A lo largo de los siglos surgieron variantes en distintas culturas. Registros históricos muestran que en Rusia y en Estados Unidos existieron versiones de la práctica, con matices propios de cada tradición local, tal como señala HowStuffWorks. La adopción australiana, sin embargo, otorgó al shoey su carácter festivo y su papel en el ámbito deportivo contemporáneo.

Con el tiempo, el shoey se adaptó a nuevos escenarios y adquirió un significado especial en las celebraciones australianas modernas. Hoy se interpreta como un símbolo de resistencia y superación: beber del propio zapato, utilizado para alcanzar la meta, representa la capacidad de sorprender y vencer en situaciones inesperadas.

Encierra la imagen de quien triunfa contra pronóstico, una idea potenciada por quienes han popularizado la costumbre en eventos internacionales. El piloto de Fórmula 1 Daniel Ricciardo es uno de los principales responsables de su difusión global.

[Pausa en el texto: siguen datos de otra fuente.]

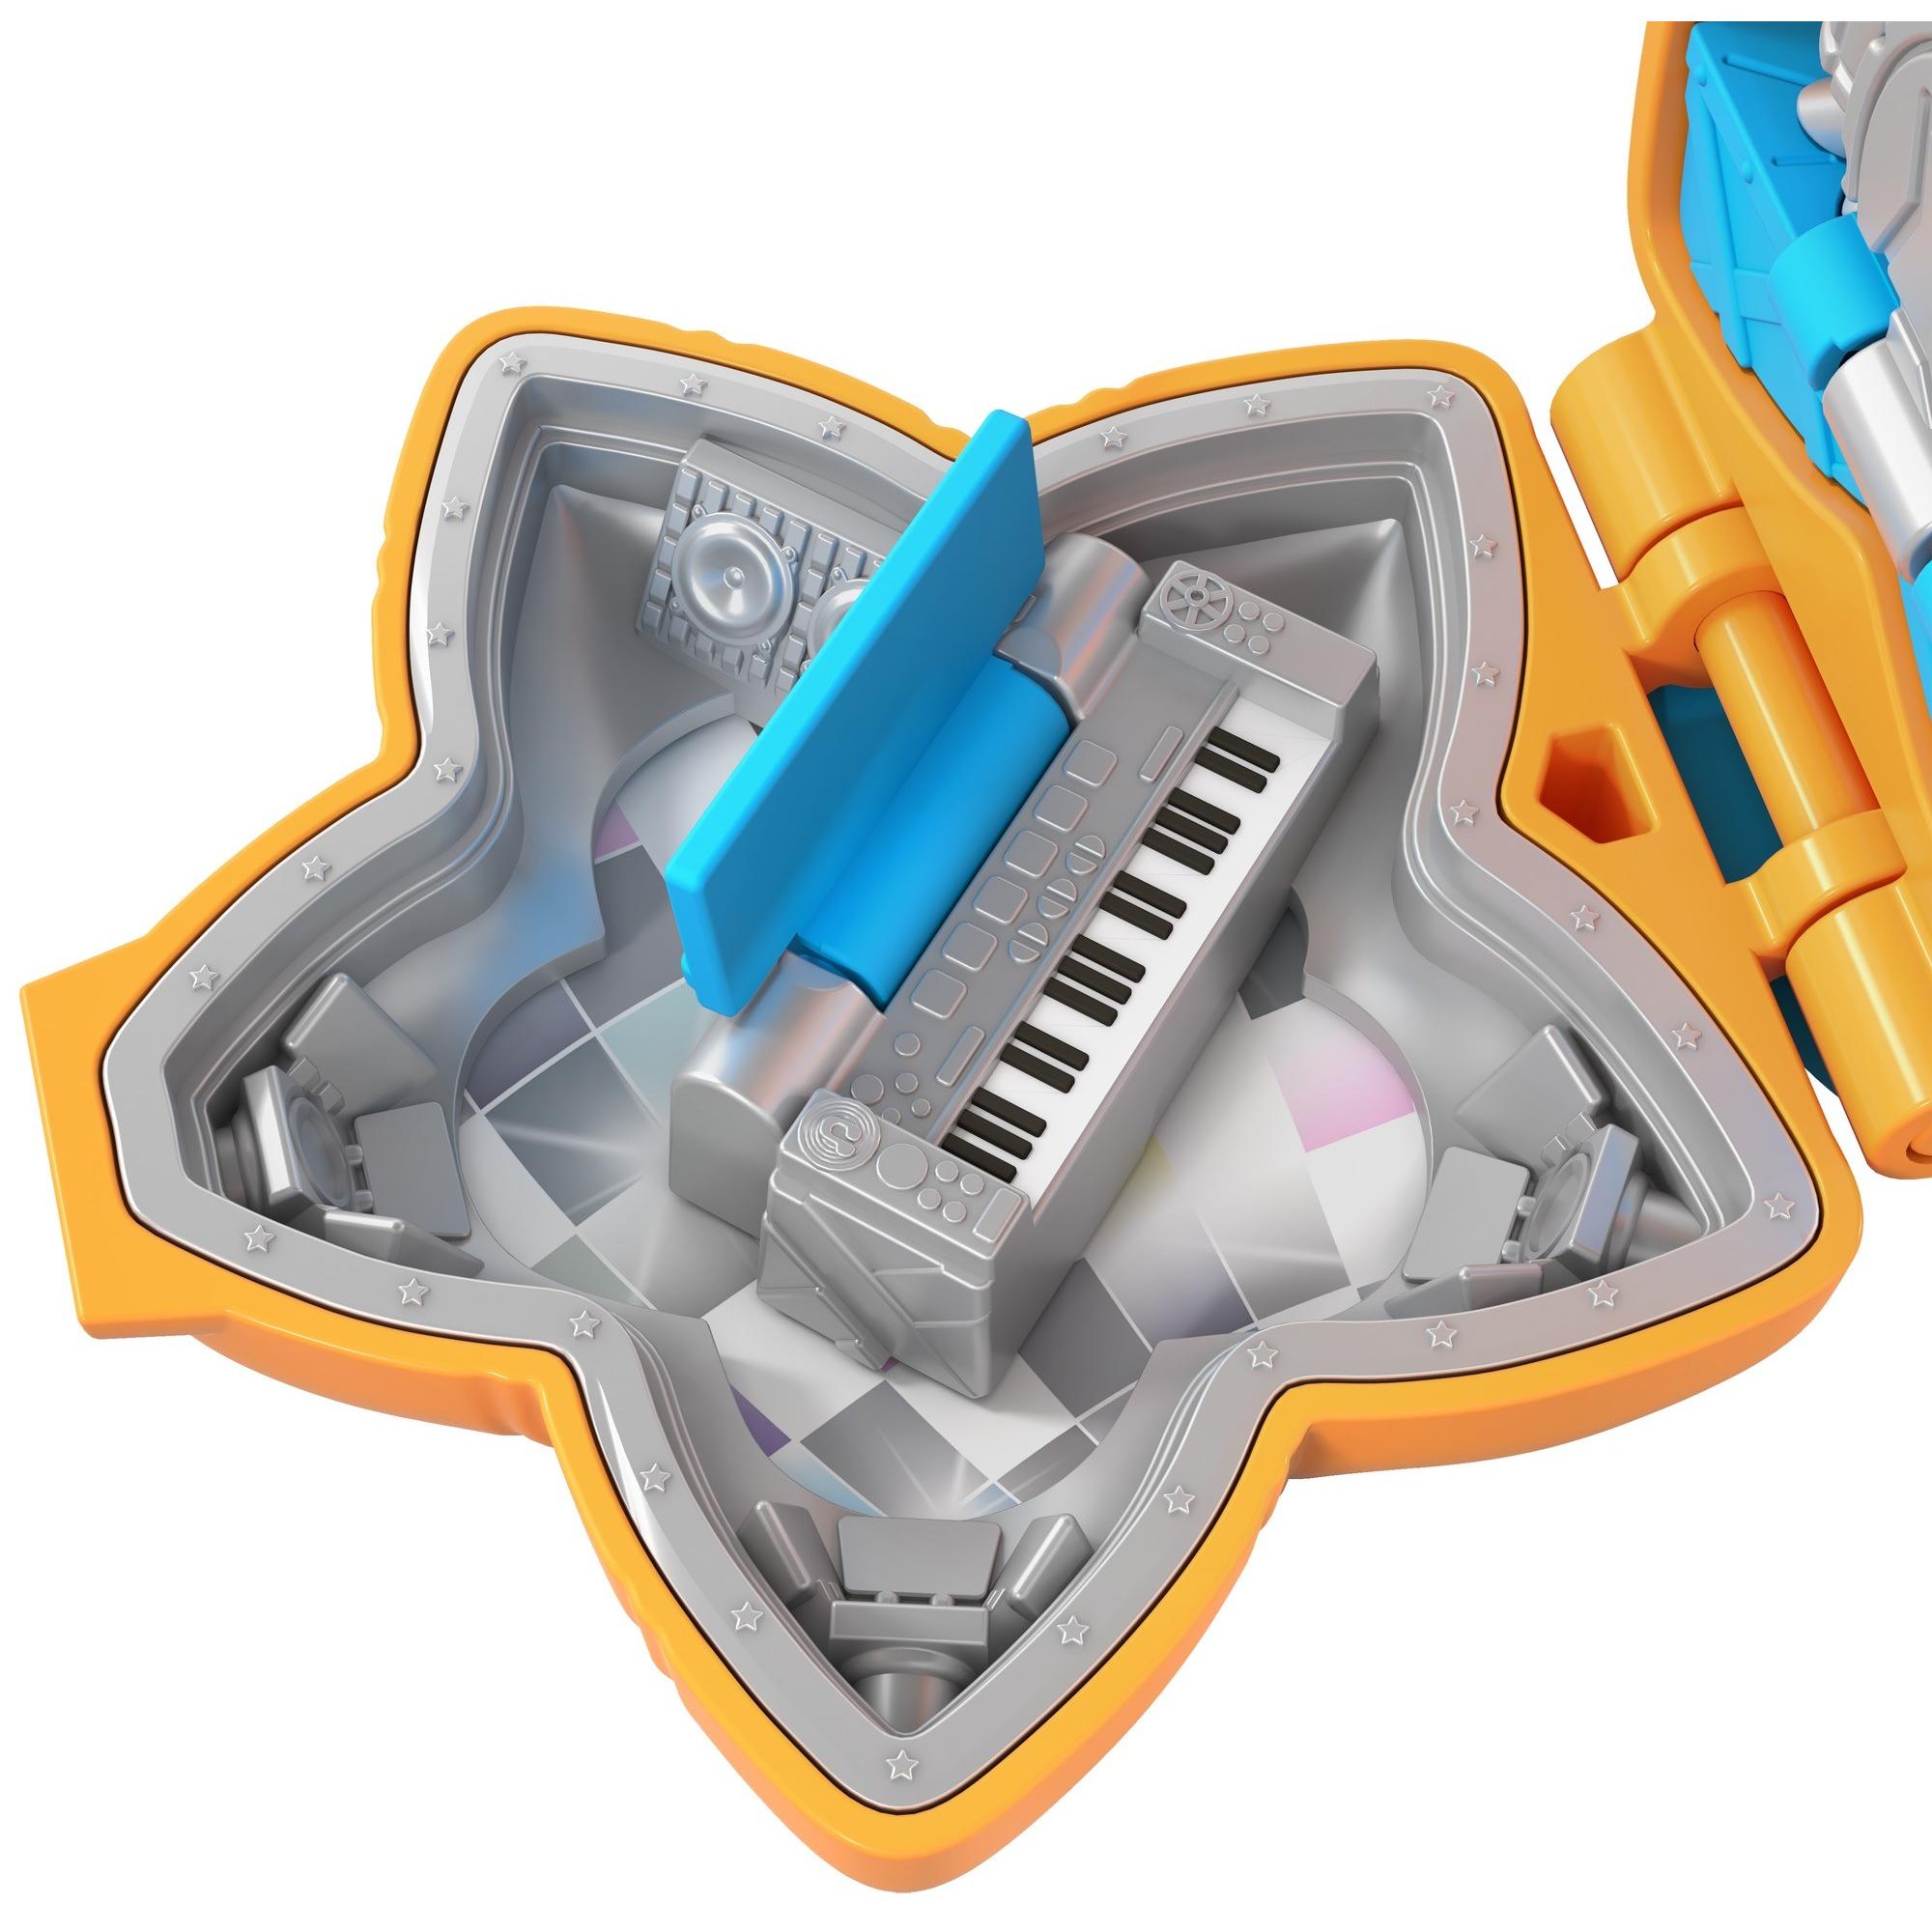 Polly Pocket Tiny Pocket Places Teeny Boppin' Concert Music Compact with Doll - image 5 of 7

Tras sus victorias, Ricciardo realizó este ritual en el podio, invitando a otros corredores y celebridades a sumarse. Su ejemplo motivó a figuras como la maratonista Des Lindon y la golfista Hannah Green a adoptar la tradición tras sus propios éxitos. La influencia de Ricciardo trascendió el deporte y llegó incluso a la música y el espectáculo internacional.

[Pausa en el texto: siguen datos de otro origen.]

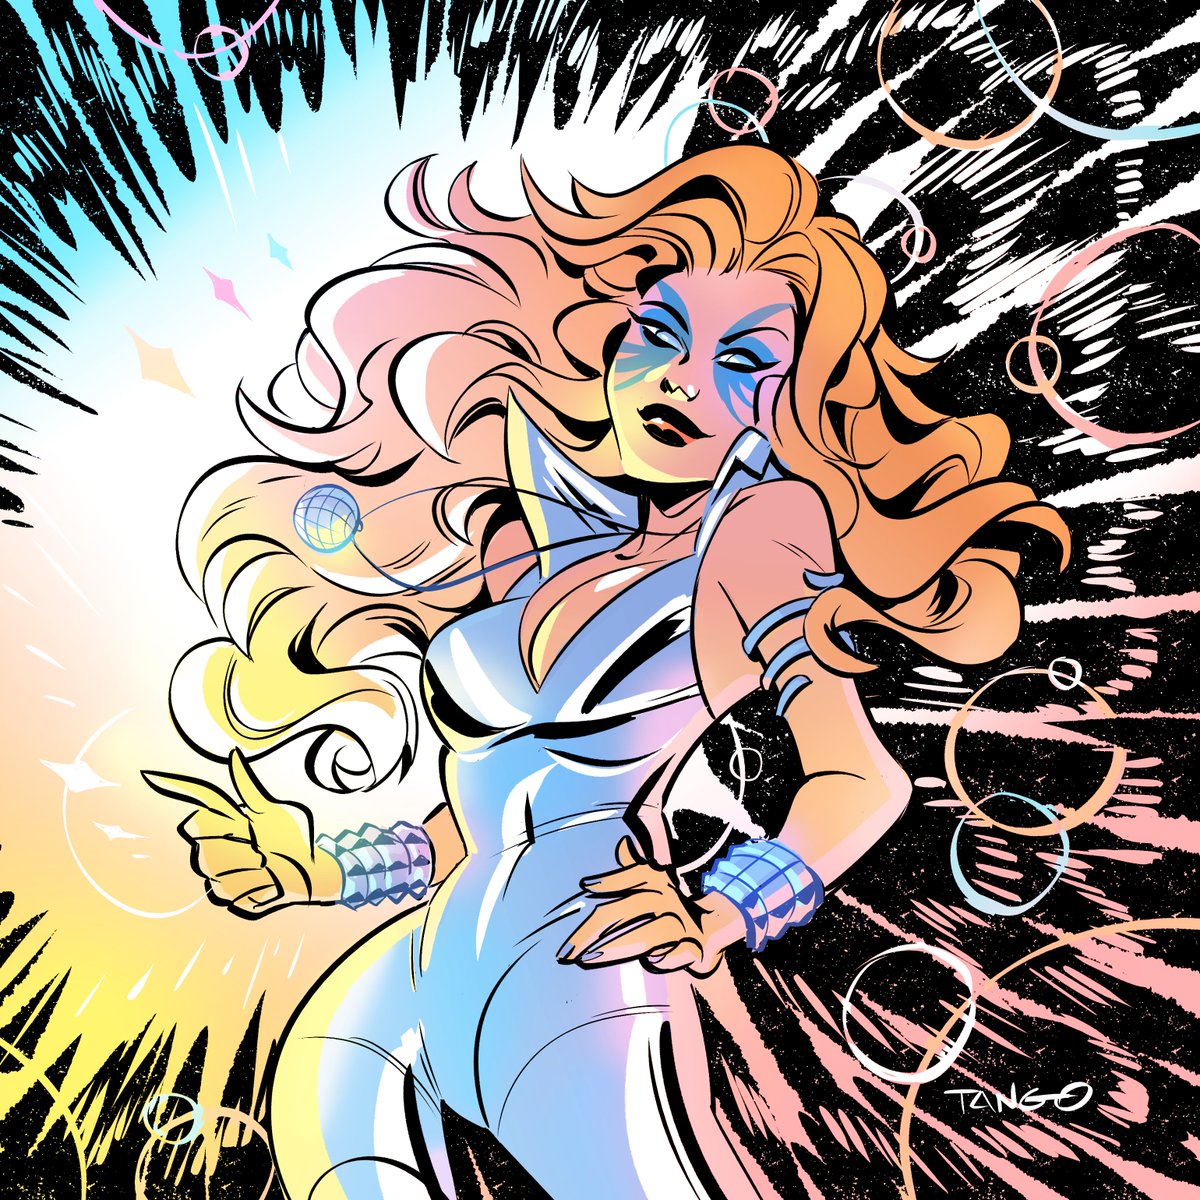 A classic for my girl Dazzler, shooting from the hip✨ -

Harry Styles haciendo el Shoey
(Crédito: Gabe vía YouTube)

La tradición del shoey dejó de pertenecer únicamente al mundo deportivo para instalarse en festivales de música y en eventos públicos de gran escala.

Celebridades internacionales como Harry Styles, cantante británico, sorprendieron al público al realizar un shoey durante su concierto en Perth en 2023. Este episodio confirma la expansión de la costumbre fuera de Australia y su adopción como gesto de respeto hacia la cultura local.

La imagen de una figura mundial participando en un shoey se interpreta como una señal de integración y complicidad con los asistentes, reforzando el vínculo entre artistas y público. En muchos casos, la participación de celebridades impulsa la continuidad de la costumbre y anima a nuevos públicos a sumarse a la experiencia.

A primera vista, el shoey puede parecer absurdo, pero está cargado de humor y sentido comunitario. La acción elimina jerarquías, igualando a triunfadores y espectadores, y ofrece un acceso inmediato a la comunidad para quienes deciden participar. Esa pertenencia instantánea constituye uno de los principales atractivos de la tradición.

El acto se percibe como una celebración colectiva que trasciende las diferencias individuales y genera un ambiente de camaradería. Sin embargo, la costumbre no está exenta de detractores: muchas personas la consideran desagradable y poco higiénica, críticas que se extienden tanto entre el público como entre figuras destacadas.

Harry Styles, después de cumplir con el reto, bromeó sobre la incomodidad y el mal sabor de la experiencia, dejando en claro que el shoey puede resultar desagradable incluso para quienes lo practican por compromiso o simpatía.

Pese a las controversias, el shoey destaca en un contexto de grandes eventos internacionales donde la homogeneidad suele ser la norma. Su carácter imprevisible, su arraigo local y la capacidad de sorprender lo convierten en un gesto memorable que rompe con lo ordinario.

La participación de artistas y deportistas famosos asegura su permanencia como símbolo de autenticidad y espontaneidad en celebraciones masivas.

Para quienes presencian un shoey, el momento queda grabado como un instante único y auténtico, capaz de transformar cualquier festejo en una experiencia inolvidable.